_What is needed:_
The lines below, from the one containing "Tanzania Wild Animals" through the one containing "PokerStars Championship Sochi!", should be set down exactly, with no pictures and nothing else.

== Exercise data ==

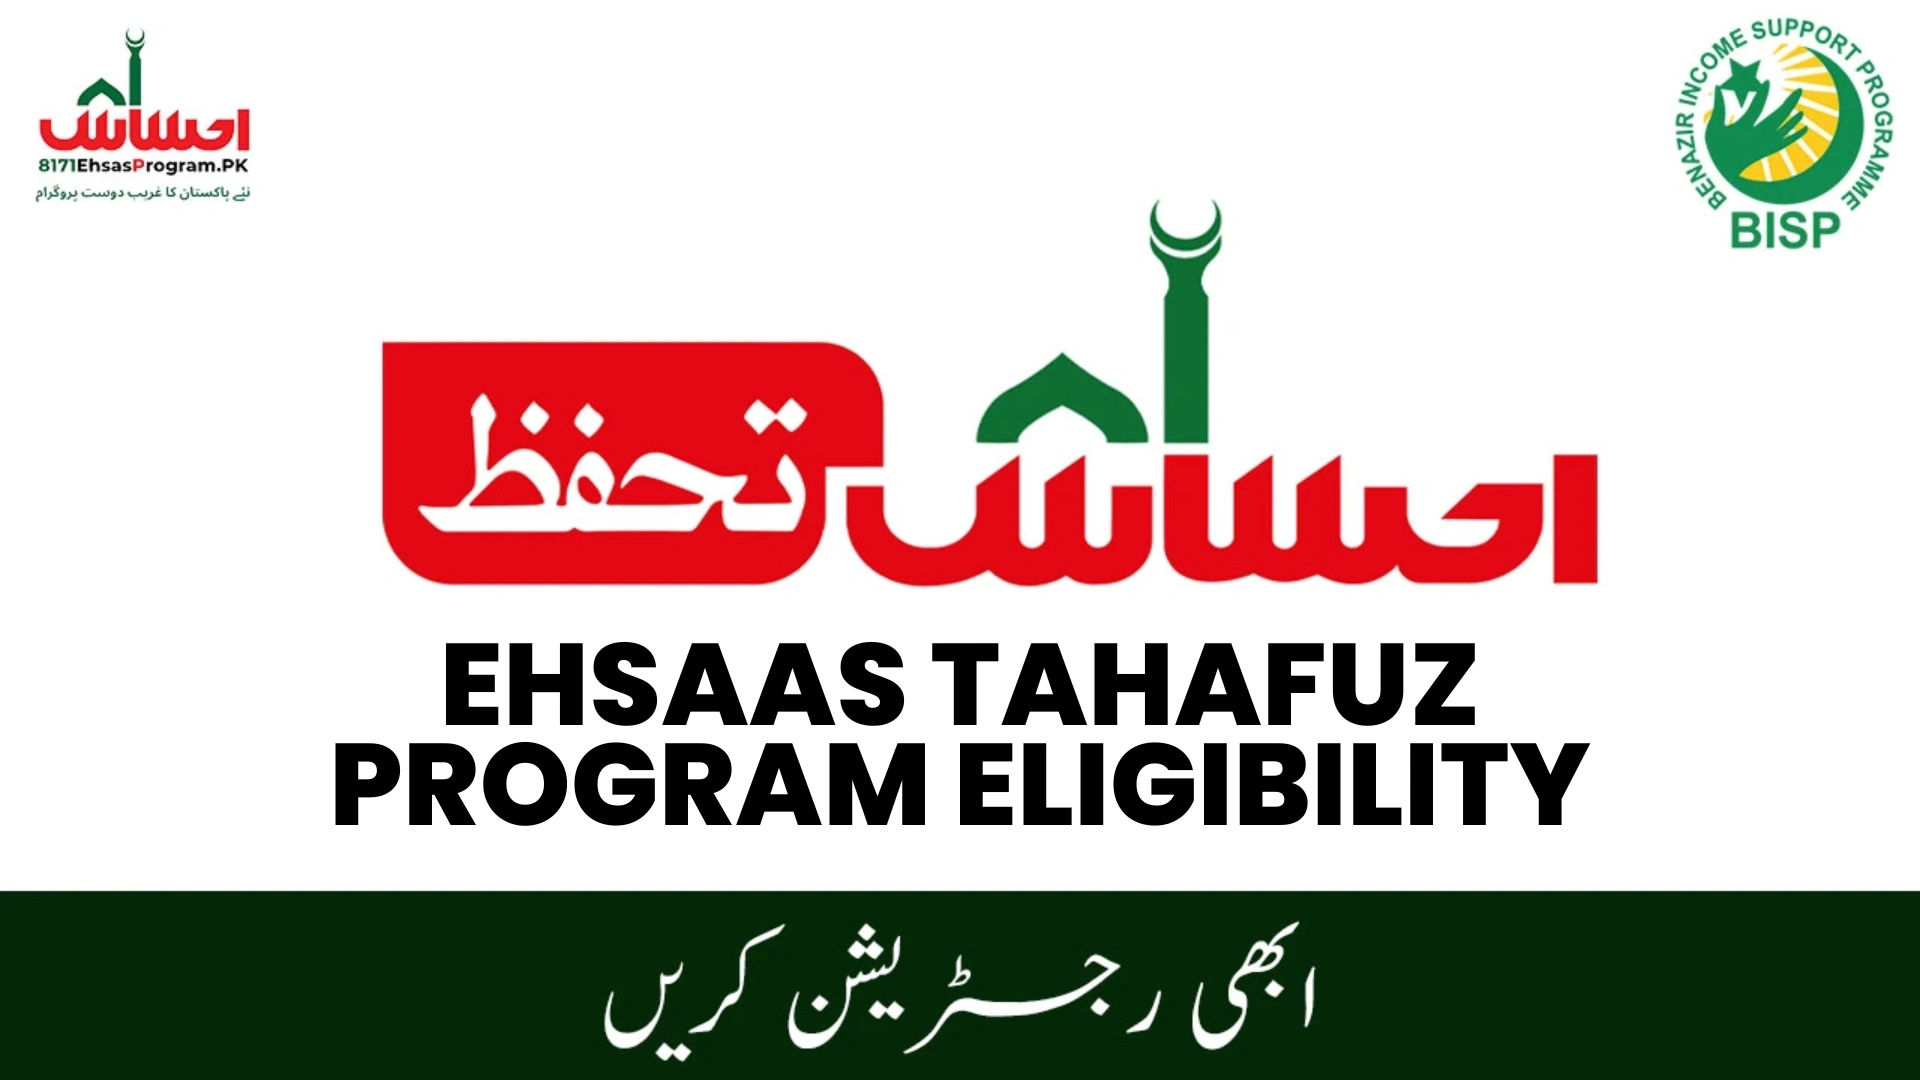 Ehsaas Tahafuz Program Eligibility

===
== Exercise data ==

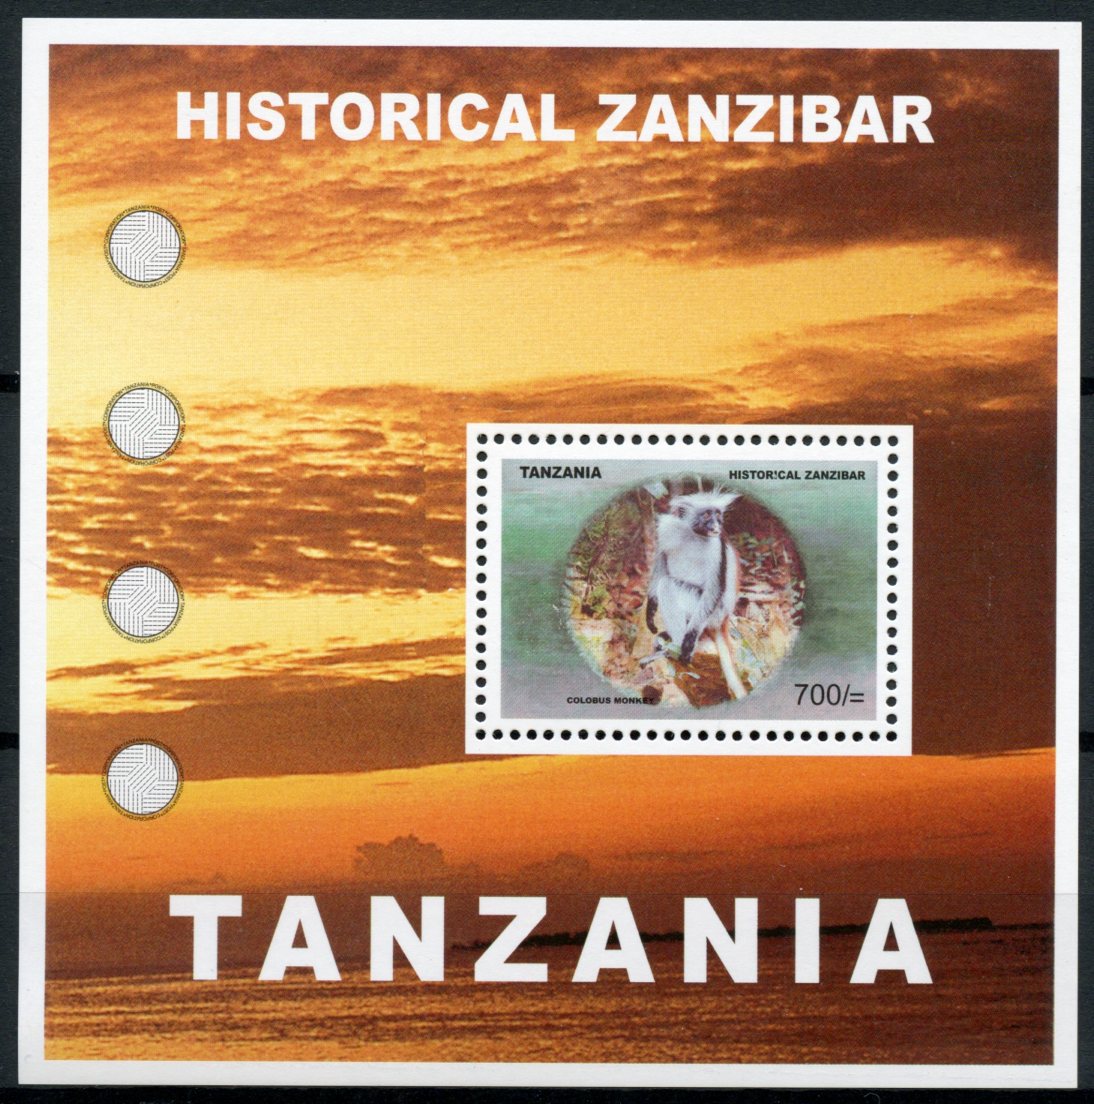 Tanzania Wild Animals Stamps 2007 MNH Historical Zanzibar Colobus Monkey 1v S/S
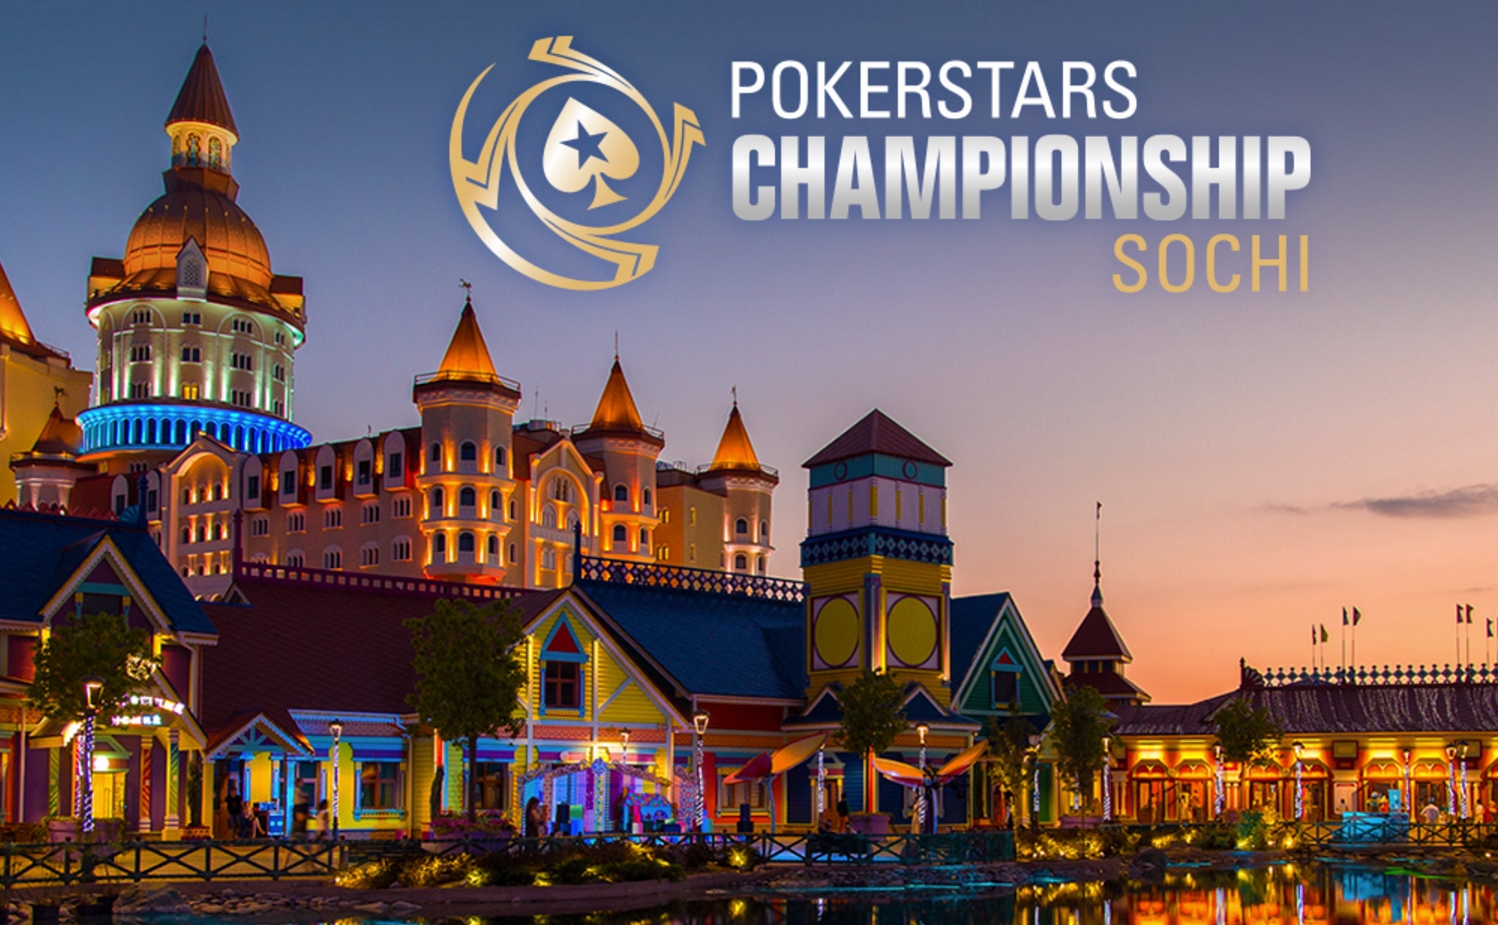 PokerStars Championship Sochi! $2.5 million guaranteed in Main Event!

===
== Exercise data ==

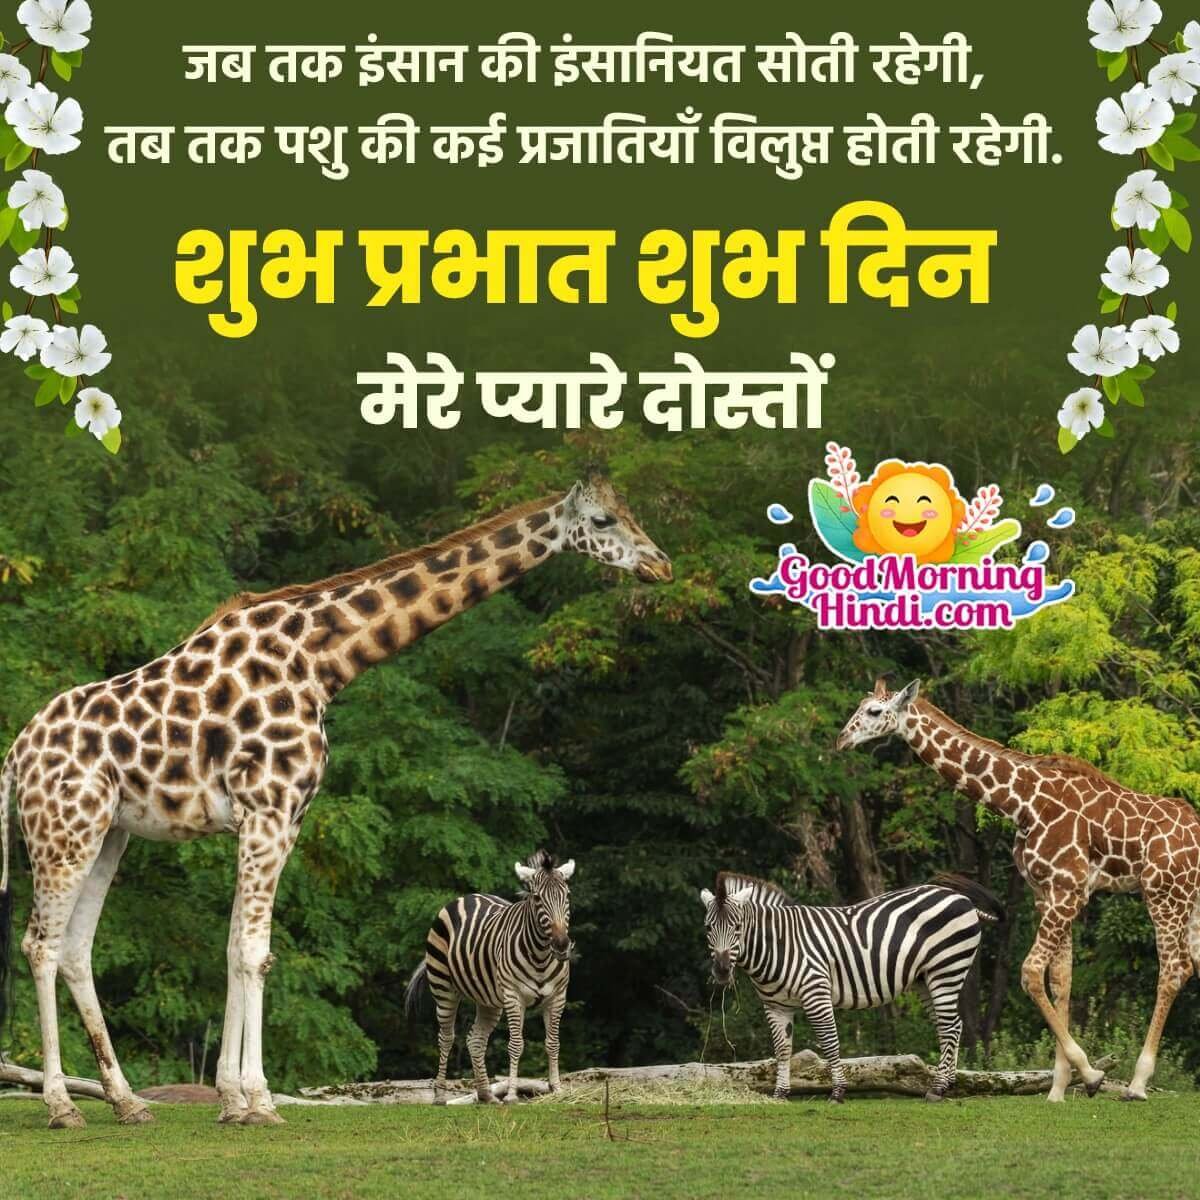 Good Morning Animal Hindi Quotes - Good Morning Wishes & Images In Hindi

===

_Result of this task:_
 Tanzania Wild Animals Stamps 2007 MNH Historical Zanzibar Colobus Monkey 1v S/S
 PokerStars Championship Sochi! $2.5 million guaranteed in Main Event!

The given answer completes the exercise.